Impaired cerebrovascular hemodynamics are associated with cerebral white matter damage

Abstract

White matter hyperintensities (WMH) in elderly individuals with vascular diseases are presumed to be due to ischemic small vessel diseases; however, their etiology is unknown. We examined the cross-sectional relationship between cerebrovascular hemodynamics and white matter structural integrity in elderly individuals with vascular risk factors. White matter hyperintensity volumes, fractional anisotropy (FA), and mean diffusivity (MD) were obtained from MRI in 48 subjects (75±7years). Pulsatility index (PI) and dynamic cerebral autoregulation (dCA) was assessed using transcranial Doppler ultrasound of the middle cerebral artery. Dynamic cerebral autoregulation was calculated from transfer function analysis (phase and gain) of spontaneous blood pressure and flow velocity oscillations in the low (LF, 0.03 to 0.15 Hz) and high (HF, 0.16 to 0.5 Hz) frequency ranges. Higher PI was associated with greater WMH (P<0.005). Higher phase across all frequency ranges was associated with greater FA and lower MD (P<0.005). Lower gain was associated with higher FA in the LF range (P=0.001). These relationships between phase and FA were significant in the territories limited to the middle cerebral artery as well as across the entire brain. Our results show a strong relationship between impaired cerebrovascular hemodynamics (PI and dCA) and loss of cerebral white matter structural integrity (WMH and DTI metrics) in elderly individuals.

Figures

Figure 1

Distribution and frequency of white matter hyperintensities (WMH). The figure visually illustrates the distribution and frequency of WMH obtained from brain images of all subjects.
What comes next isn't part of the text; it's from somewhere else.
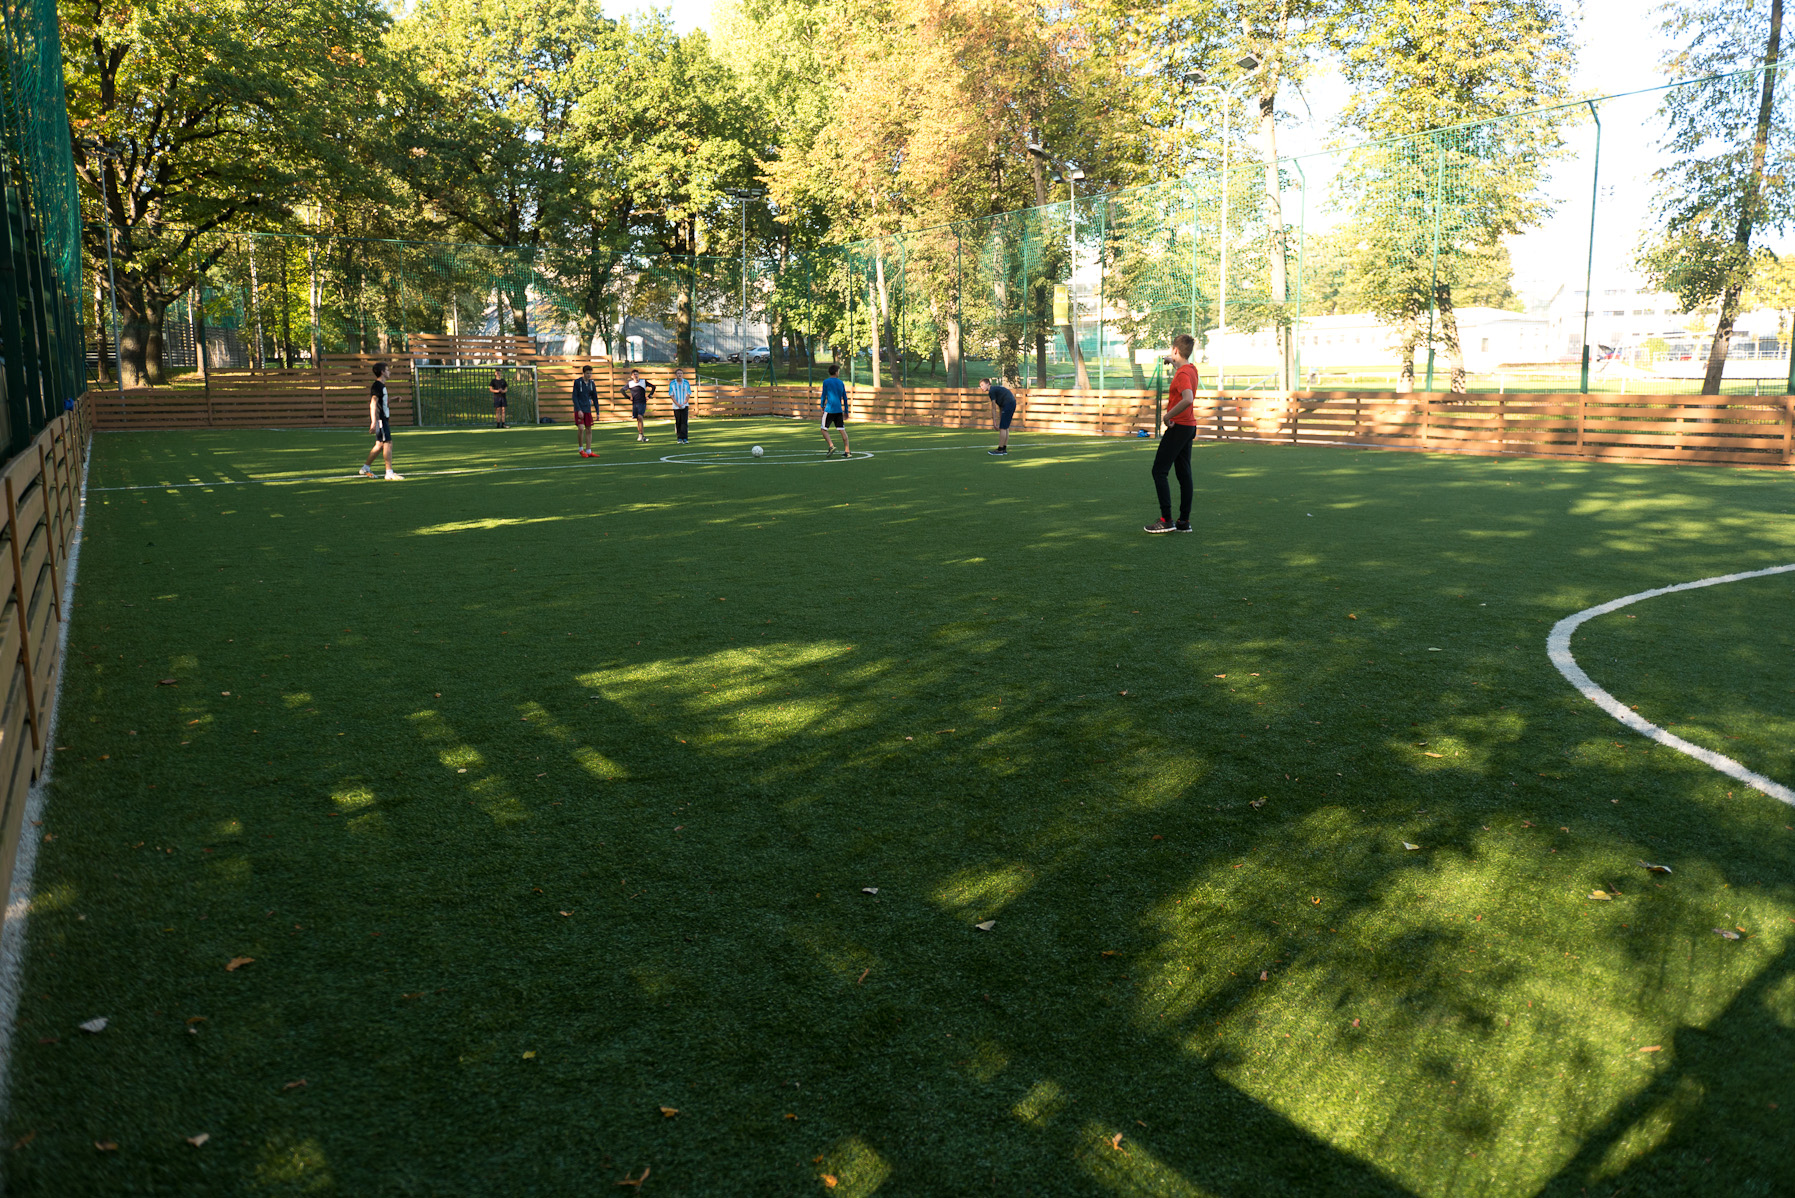 Outdoor artificial surface football field No. 1

The map was obtained after normalization of all the individual WMH maps to a common space (a reference brain described previously). The WMH frequency map (color) is shown overlaid onto a reference brain (gray scale). The colors represent the percentage (%) of subjects with WMH at a given anatomic location. The color code is illustrated by the color bar on the right. Panels show four different levels (slices), each 10 mm apart in axial view (left to right: more superior parts of the brain). Top and bottom of figure correspond to anterior and posterior of the brain, respectively. The results show a predominantly periventricular distribution of the WMH, especially around the anterior and posterior horns of the ventricles. In some cases, WMH is also present in deep white matter areas.

Figure 2

Relationship between dynamic cerebral autoregulation and fractional anisotropy (FA) and mean diffusivity (MD) in normal-appearing white matter. Transfer function phase and gain are plotted across the frequency spectrum of 0 to 0.5 Hz in subjects with low and high (divided at the median) fractional anisotropy (FA, median=0.395, range=0.319 to 0.478) and mean diffusivity (MD, median=0.814, range=0.716 to 1.061) in regions of normal-appearing white matter. Solid blue and dashed red lines indicate mean phase and gain across the frequency range for high and low FA and MD, respectively, and the shaded regions are standard error of the mean (s.e.m.). Low FA and high MD represent lower white matter structural integrity and lower phase and higher gain values indicate less effective dynamic cerebral autoregulation.

Figure 3

Relationship between dynamic cerebral autoregulation and fractional anisotropy in normal-appearing white matter in the middle cerebral artery territory and whole brain. Scatterplots illustrate the relationship between transfer function phase or gain and fractional anisotropy in normal-appearing white matter supplied by the middle cerebral artery (MCA region), normal-appearing white matter not supplied by the MCA (non-MCA regions) and the whole brain normal-appearing white matter (Global). The shaded region in each graph represents the 95% confidence intervals of the linear prediction line. r=correlation coefficient; P=alpha level of significance.